Make the script executable:

sudo chmod 750 /etc/network/if-up.d/routes

Restart networking (your SSH connection may break; reconnect if needed):

sudo systemctl restart networking

Set name server (if not already configured):

sudo nano /etc/resolv.conf

nameserver 8.8.8.8
nameserver 8.8.4.4

2.3. Configuration of the Second Host

We have 1 NIC (enp0s3 - 10.X.X.X network).

Clear the /etc/network/interfaces file:

sudo nano /etc/network/interfaces

Set as below:

source /etc/network/interfaces.d/*
auto lo
iface lo inet loopback

Configure NIC:

enp0s3 (10.1.1.198/8):

sudo nano /etc/network/interfaces.d/enp0s3

auto enp0s3
iface enp0s3 inet static
  address 10.1.1.198/8
  broadcast 10.255.255.255
  network 10.0.0.0
  gateway 10.1.1.1

Define route:

Create a script file to add the route when the interface comes up:

sudo nano /etc/network/if-up.d/routes

Fill as below:

#!/bin/sh
if [ "$IFACE" = "enp0s3" ]; then
  ip route del 192.168.1.0/24 via 10.1.1.196 dev enp0s3
  ip route add 192.168.1.0/24 via 10.1.1.196 dev enp0s3
fi

Make the script executable:

sudo chmod 750 /etc/network/if-up.d/routes

Restart networking (your SSH connection may break; reconnect if needed):

sudo systemctl restart networking

Set name servers (if not already configured):

sudo nano /etc/resolv.conf

nameserver 8.8.8.8
nameserver 8.8.4.4

2.4. Notes

The host in the first network can ping the host in the other network now, and vice versa.

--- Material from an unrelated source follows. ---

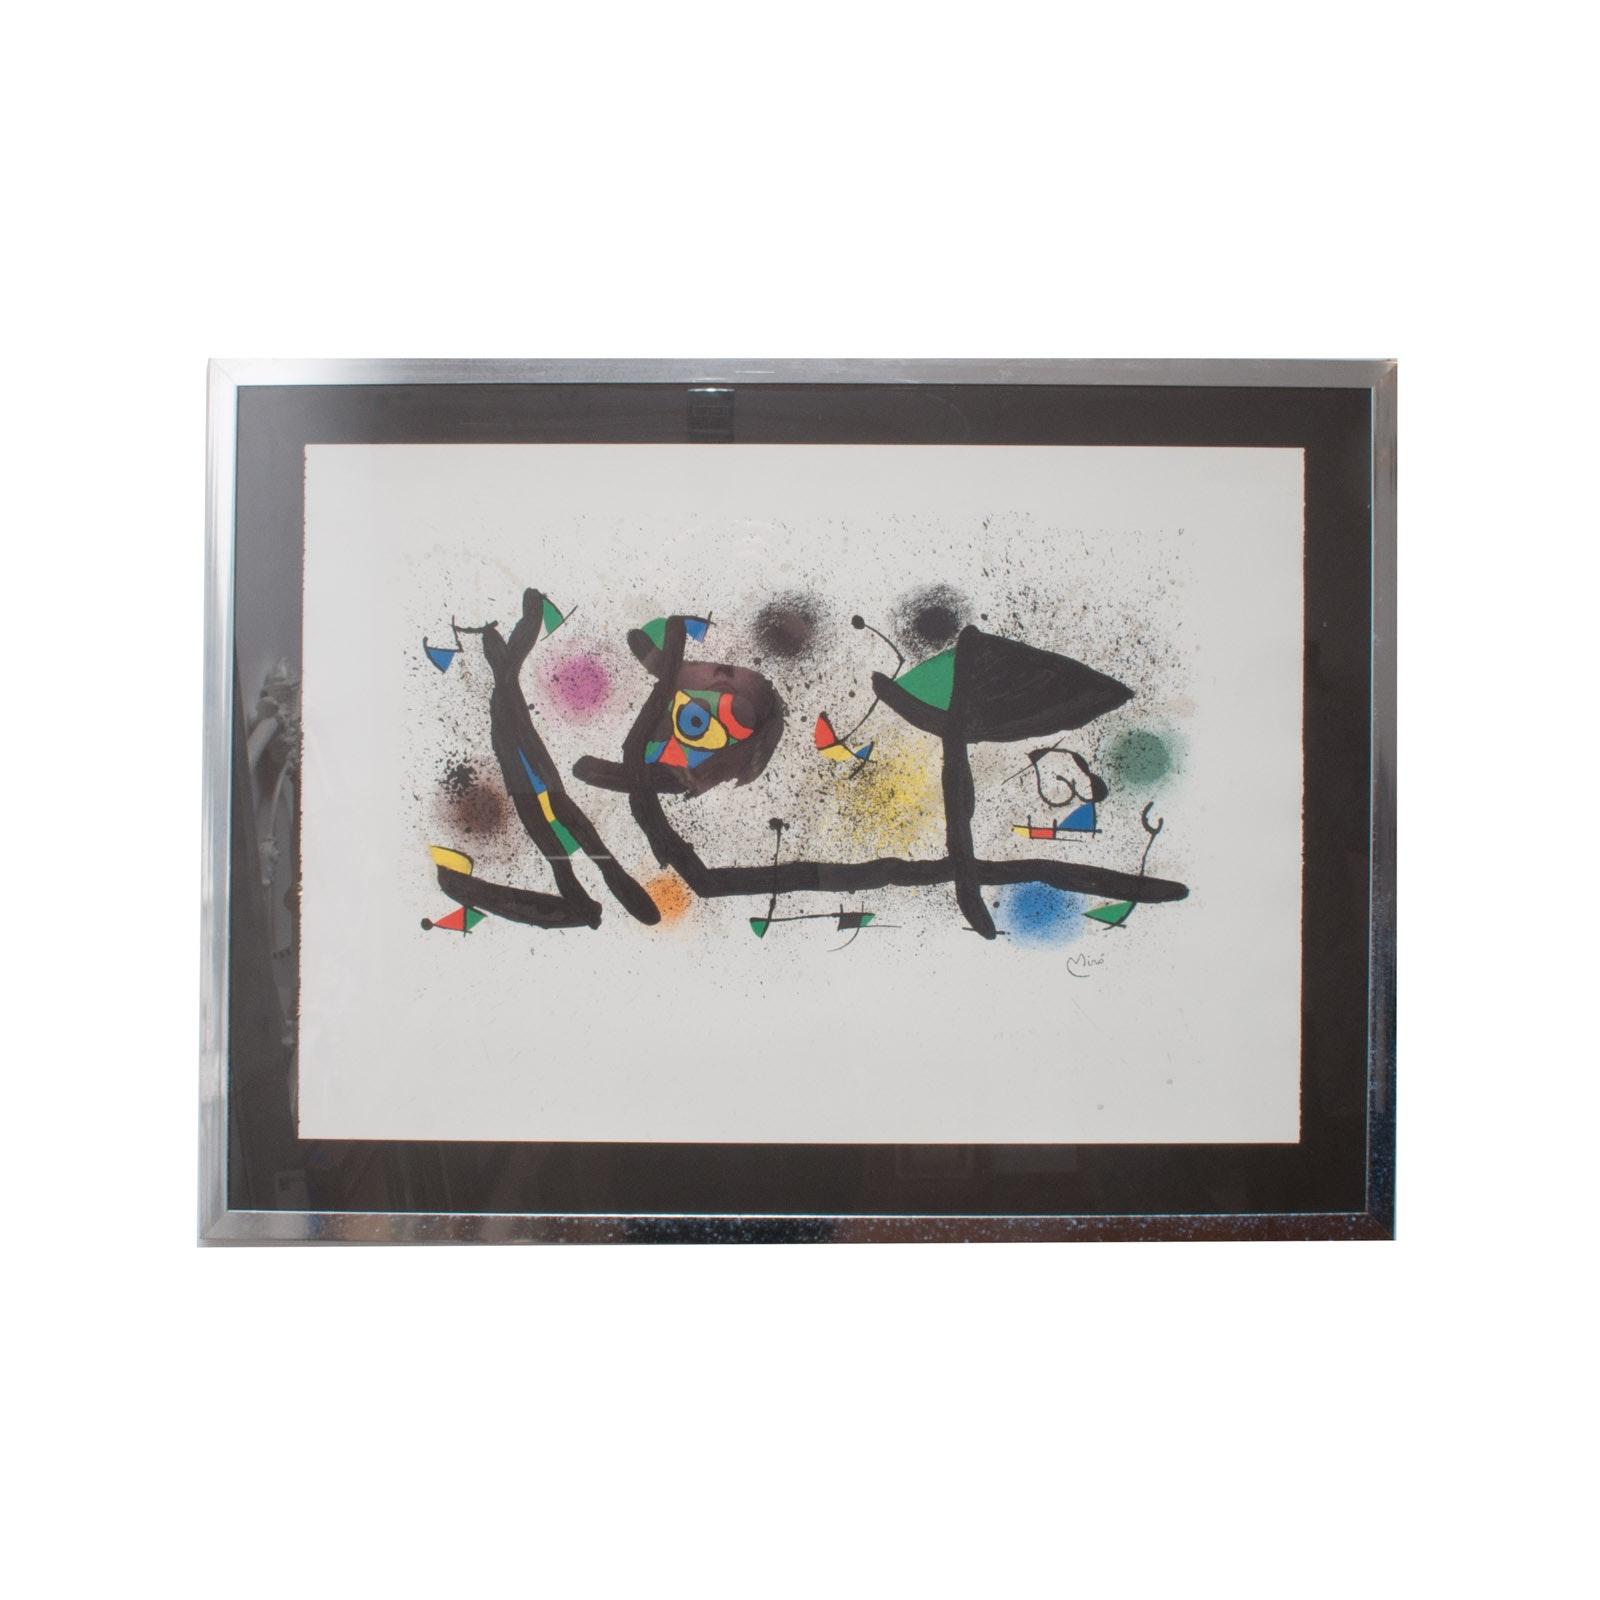 Joan Miró i Ferrà Lithograph Print on Laid Paper

Try on the first host (192.168.1.197)

ping 10.1.1.198

Try on the second host (10.1.1.198)

ping 192.168.1.197

For a host to connect to another host on the other network, routing must be defined on both hosts.

3. NIC Bonding

Network Interface Card (NIC) bonding involves using two or more NICs together to achieve redundancy and/or increased throughput.

The most commonly used bonding modes are:

Active Backup: Also known as failover mode. In this mode, one interface is active while the other interfaces remain in standby mode. If the active interface fails, one of the standby interfaces takes over. It provides redundancy but does not offer load balancing.
Balance-rr (Round-Robin): Packets are transmitted sequentially across the bonded interfaces in a round-robin fashion. This provides load balancing and increased throughput, but does not provide fault tolerance.
Balance-xor: Combines the MAC addresses of the interfaces and applies an XOR operation to determine the outgoing interface. It provides load balancing and fault tolerance, but requires switch support for optimal performance.
Broadcast: All packets are sent on all interfaces. This mode is typically used when the switch does not support other bonding modes. It provides fault tolerance but not load balancing.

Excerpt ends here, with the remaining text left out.